The industry points to regulations on "loss from continuing operations before income taxes," commonly called pre-tax loss, as a key backdrop. An industry source said of the restructuring at Lunit, VUNO, and JLK, "Each corporation has various reasons, but I think the common reason is the issue of controlling expense due to pre-tax losses."

The Korea Exchange (KRX) designates a KOSDAQ-listed corporation as an issue under management if, over three years, the ratio of pre-tax loss to equity exceeds 50% two or more times. For technology-special listing corporations such as medical AI corporations and biotech corporations, designation as an issue under management due to pre-tax loss criteria is deferred for three years. If they fail to meet the pre-tax loss criteria for two consecutive years after the grace period ends, they may be designated as an issue under management starting in the fifth year after listing.

The recent management efficiency moves by companies are effectively desperate measures to prepare for the risk of being designated as an issue under management and delisted. An industry source explained, "If losses continue for a long time, there is also the problem that future funding (capital raising) becomes difficult, so there is a financial reason to improve."

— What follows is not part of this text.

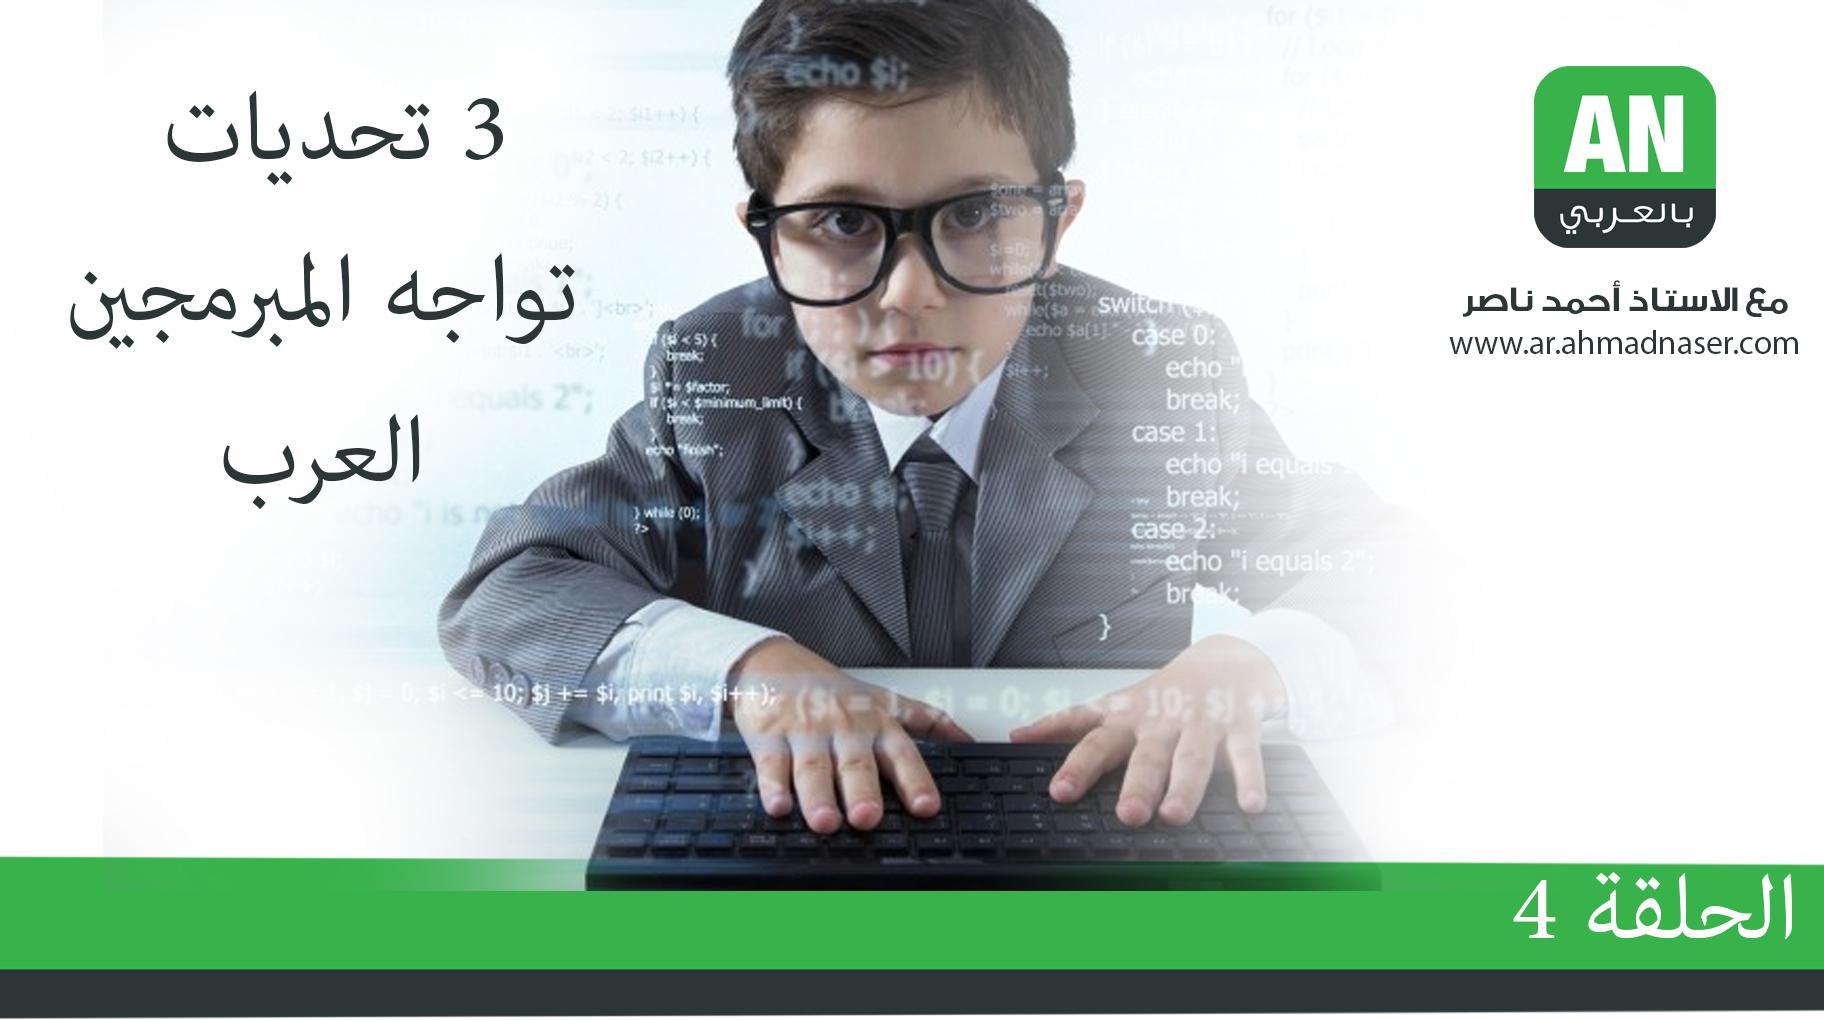 Photo of الحلقة الرابعة تحديات تواجه المبرمجين العرب

Ministry of Science and ICT Park In-gyu, director of the Science and Technology Innovation Office, briefs on the allocation and adjustment of major research and development for 2026 at the Government Complex Seoul on Aug. 22, 2025. /Courtesy of Yonhap News

Some in the market worry about a slowdown in domestic medical AI corporations and question whether there are limits to their business models. That is because no company has yet been assessed as commercially successful.

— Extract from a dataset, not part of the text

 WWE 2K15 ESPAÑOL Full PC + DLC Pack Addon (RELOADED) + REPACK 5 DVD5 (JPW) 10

In fact, among domestic medical AI corporations, there have been complaints that the National Health Insurance reimbursement applied to medical AI in Korea is low. Entering global markets, including the United States, and being listed in each country's insurance system to generate medical revenue is the breakthrough, but the barriers to entry are high and visible results have not emerged. As more AI corporations are challenging the medical field worldwide, competition has grown even fiercer.

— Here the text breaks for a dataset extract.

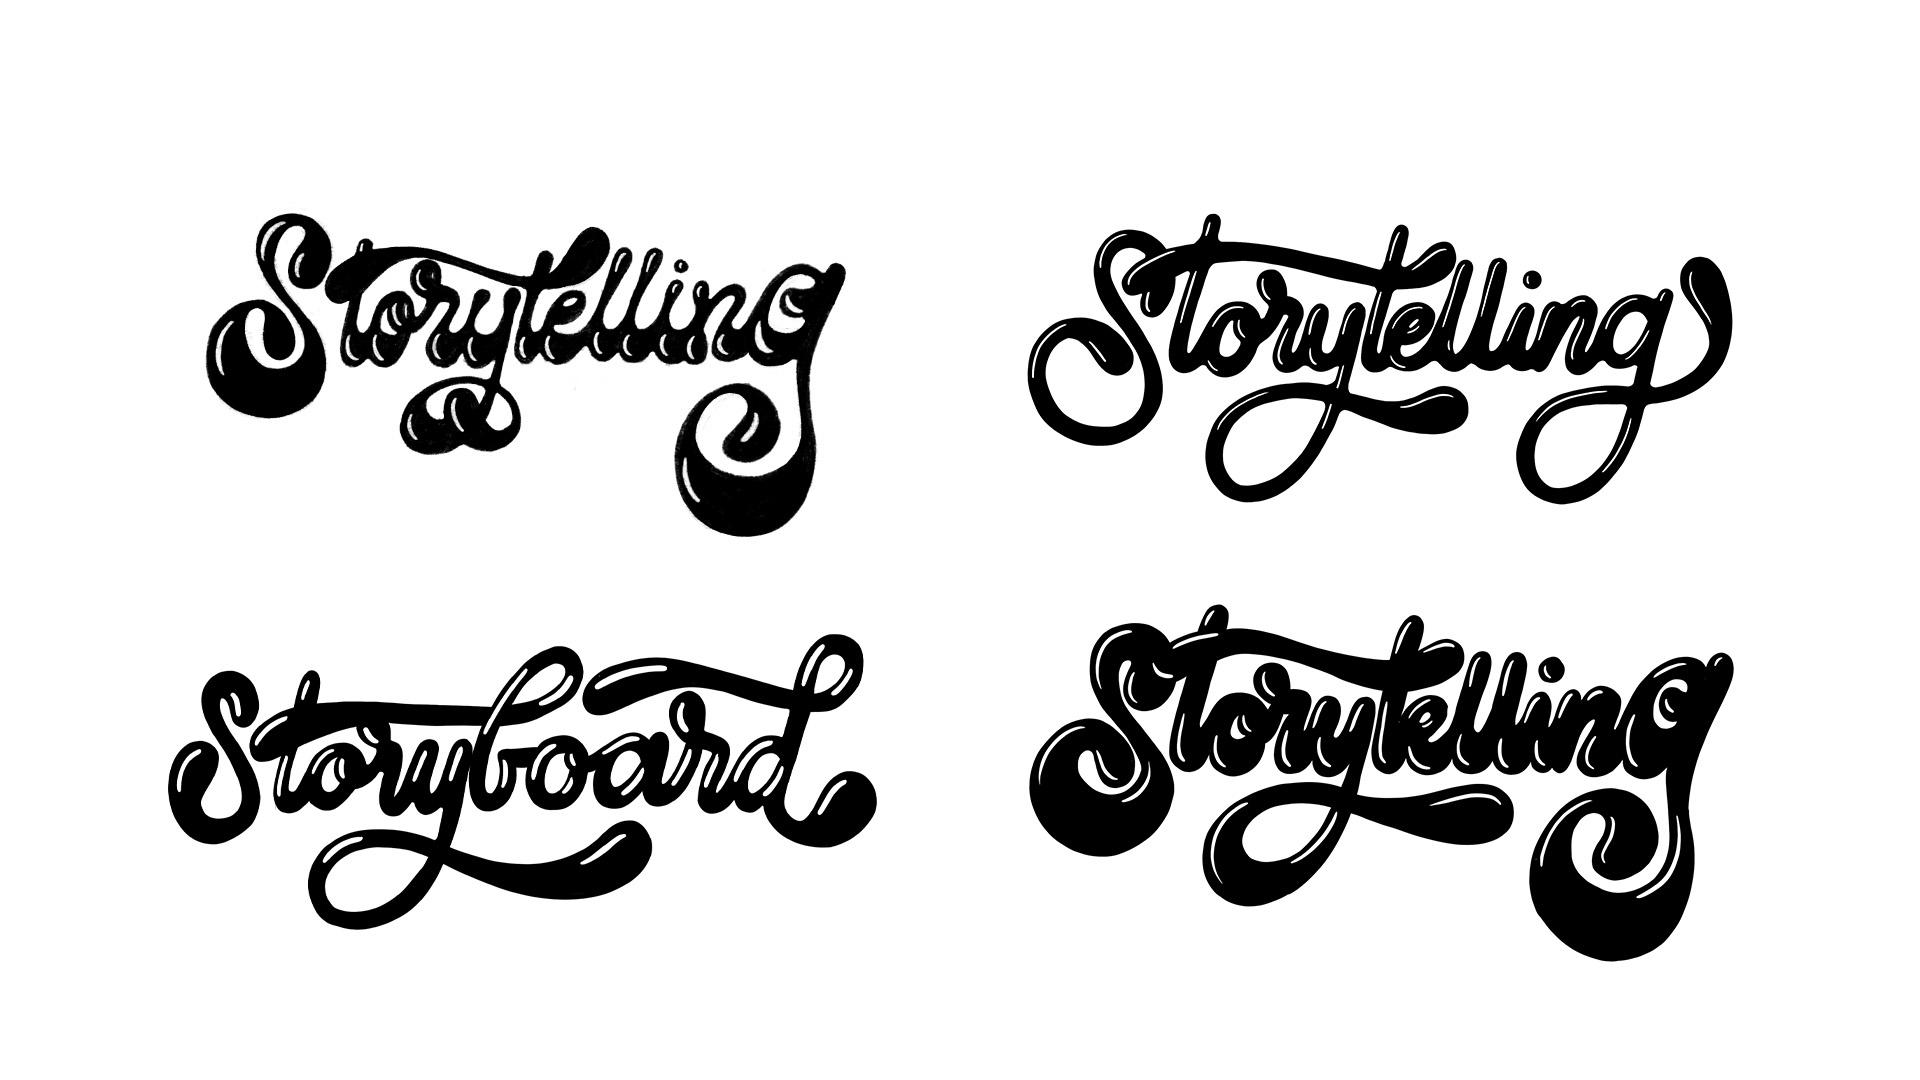 roofstudio_juni-learning_storytelling-02-3

As conditions in domestic and overseas markets have worsened, medical AI corporations are clinging more to winning government policy projects. With the Lee Jae-myung administration making big-ticket investments in AI, competition has heated up for large policy project awards. A source in the AI industry said, "It takes time to deliver results in the global market, but winning government projects shows up in short-term results and is interpreted as a positive in the market, so each company is competing to seize this opportunity."